I recently tried to make an online purchase. I've linked my team member number to my target account, tried putting it in as a promo code, and everything, but it keeps telling me that it doesn't exist. I can use my discount in stores, but what I want is online only, so its really inconvenient. I've checked and the item is something the discount should cover. Do you guys know what I'm doing wrong or what I could do to fix it? Thank you!


----------



## SallyHoover

What is the item and are you putting the 00's before your employee number or starting with the first non zero #?
Are you paying with a red card or target gift card?


----------



## Amanda Cantwell

If you’ve linked it to your account you don’t need to enter it as a promo code.
As in stores you must pay with either RedCard or gift card (cash obviously isn’t an option online), and the item cannot be an item sold by a target+ partner.


----------



## Yetive

You must add 0000 before your number to use as promo code.


----------



## m3sm4r

Yetive said:


> You must add 0000 before your number to use as promo code.

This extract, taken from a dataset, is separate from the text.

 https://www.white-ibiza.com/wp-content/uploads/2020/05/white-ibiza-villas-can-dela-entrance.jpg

I've tried that and it still doesn't work


----------



## m3sm4r

SallyHoover said:


> What is the item and are you putting the 00's before your employee number or starting with the first non zero #?
> Are you paying with a red card or target gift card?

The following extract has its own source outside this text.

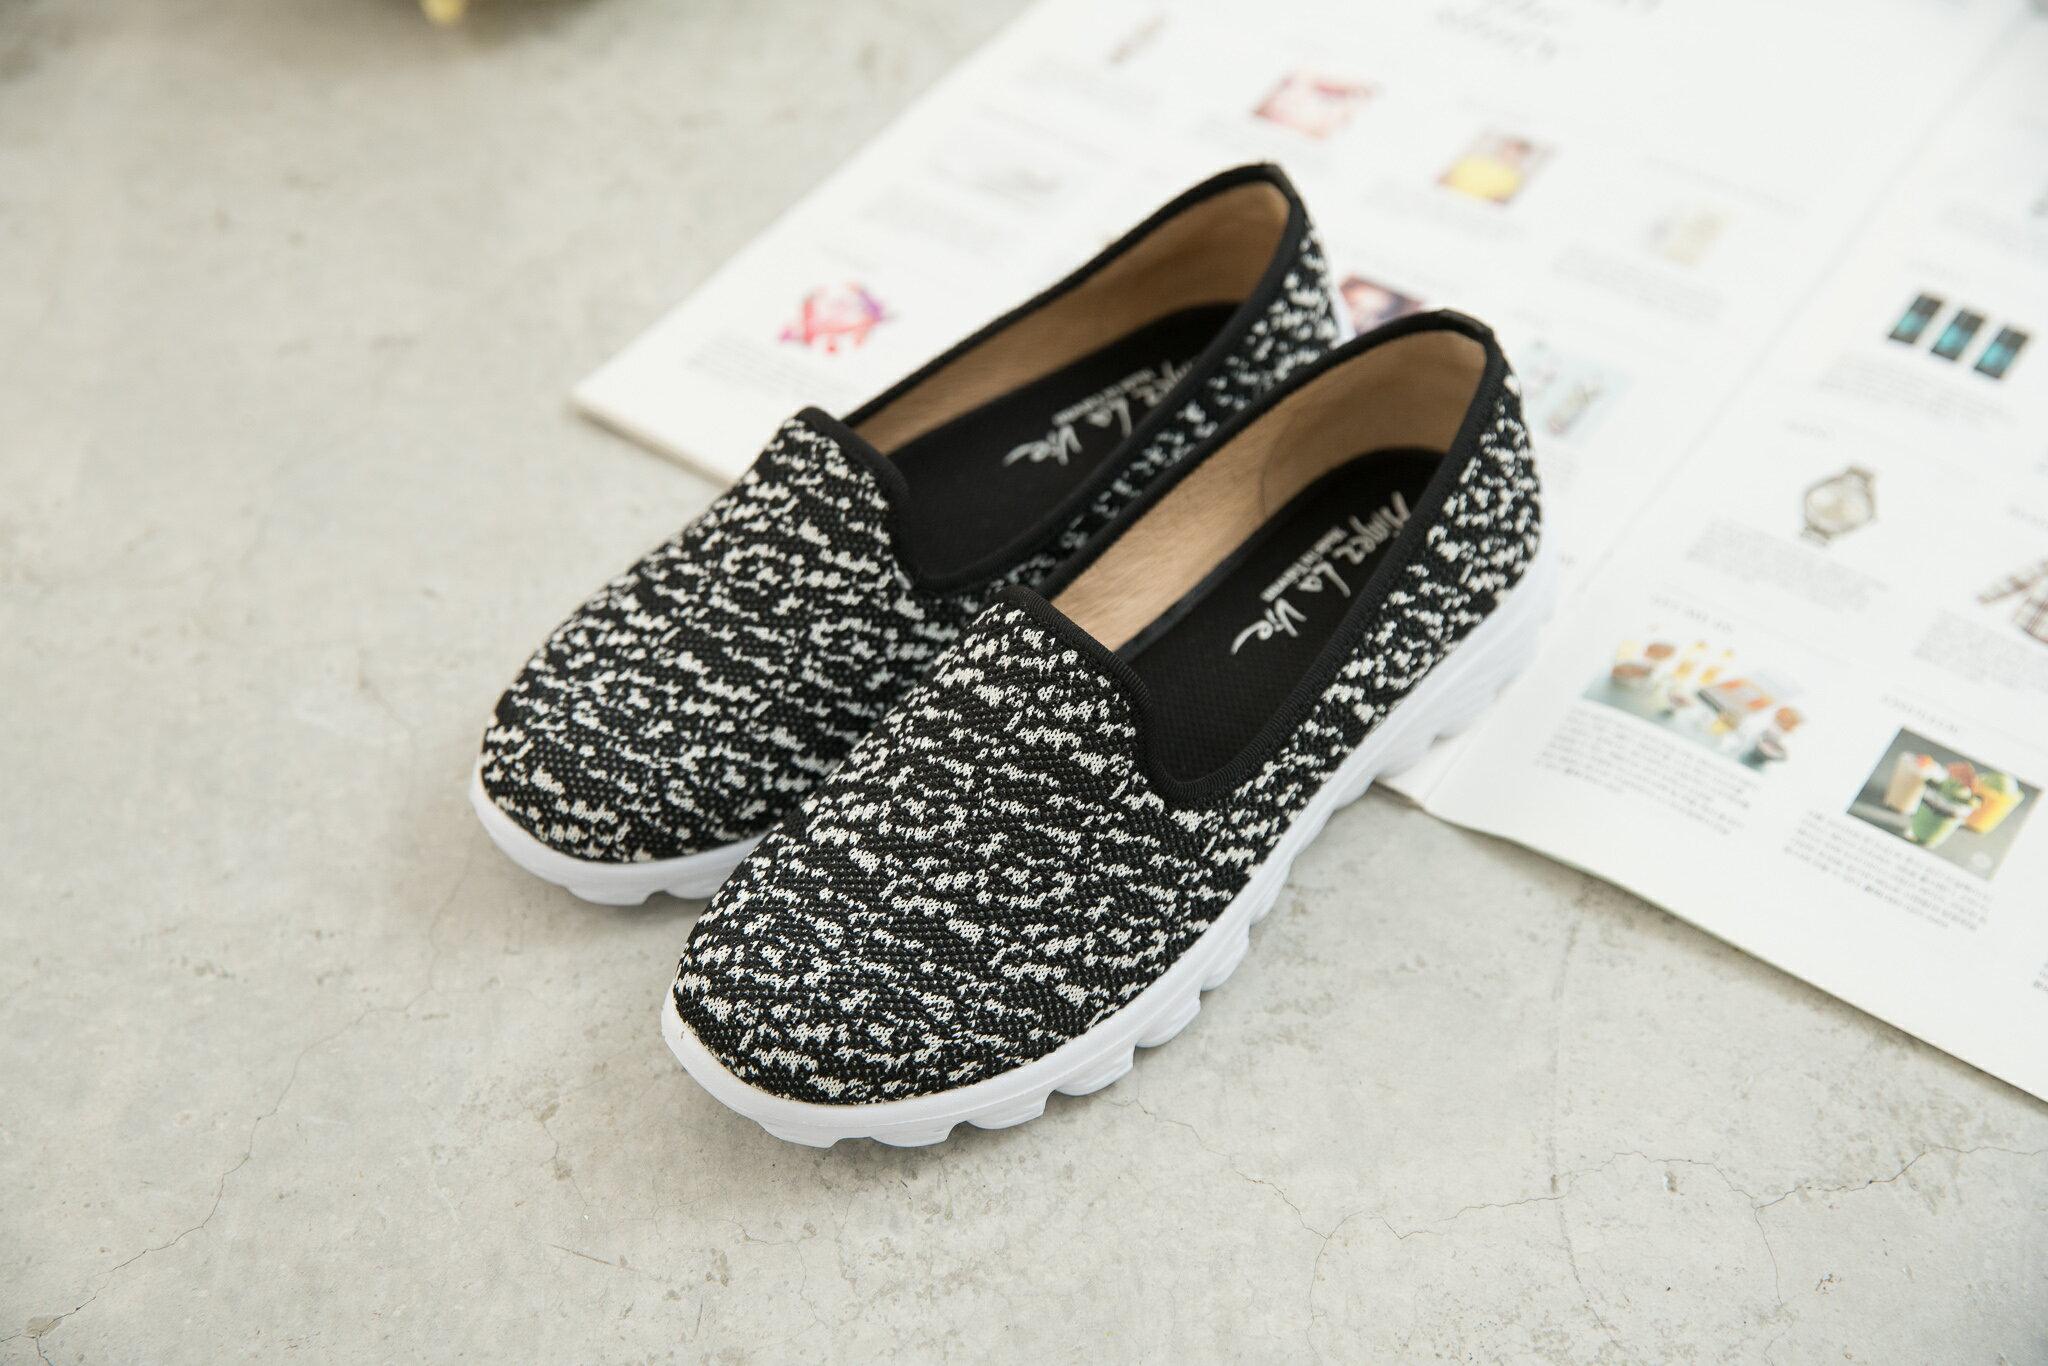 Aimez La Vie 輕盈健走鞋|黑白織布混色百搭休閒鞋 0

I've tried putting the employee discount on all sorts of items, things I know it should work on, and I've tried with and without the zeros. I'm paying using a giftcard


----------



## Hardlinesmaster

Discount will work with target gift cards only.


----------



## Amanda Cantwell

Hardlinesmaster said:


> Discount will work with target gift cards only.


and redcard!


m3sm4r said:


> I've tried putting the employee discount on all sorts of items, things I know it should work on, and I've tried with and without the zeros. I'm paying using a giftcard


contact target guest service and they can help add the discount to the account.


----------



## Tessa120

Have you tried two leading zeros, not four, in the promo code?


----------



## djk1026

Is anyone having a problem using the discount with the new SCO software?


----------



## Hardlinesmaster

djk1026 said:


> Is anyone having a problem using the discount with the new SCO software?


No.


----------



## Amanda Cantwell

No works for me when I scan wallet


----------



## DBZ

You won't see your discount till you click checkout


----------



## lokinix

You can use TCU cards for the discount, but only in store, they don't have it setup for the website.


----------



## Guest Avocado

Been working fine for me


----------



## Megadeaf

Thanks, that was my problem, I noticed after the fact it WAS a Target + item.


----------



## SallyHoover

m3sm4r said:


> I recently tried to make an online purchase. I've linked my team member number to my target account, tried putting it in as a promo code, and everything, but it keeps telling me that it doesn't exist. I can use my discount in stores, but what I want is online only, so its really inconvenient. I've checked and the item is something the discount should cover. Do you guys know what I'm doing wrong or what I could do to fix it? Thank you!


Try it as a promo code with 12 digits.  Just add zero's at the beginning until you get to 12 or try it without the zeros.


----------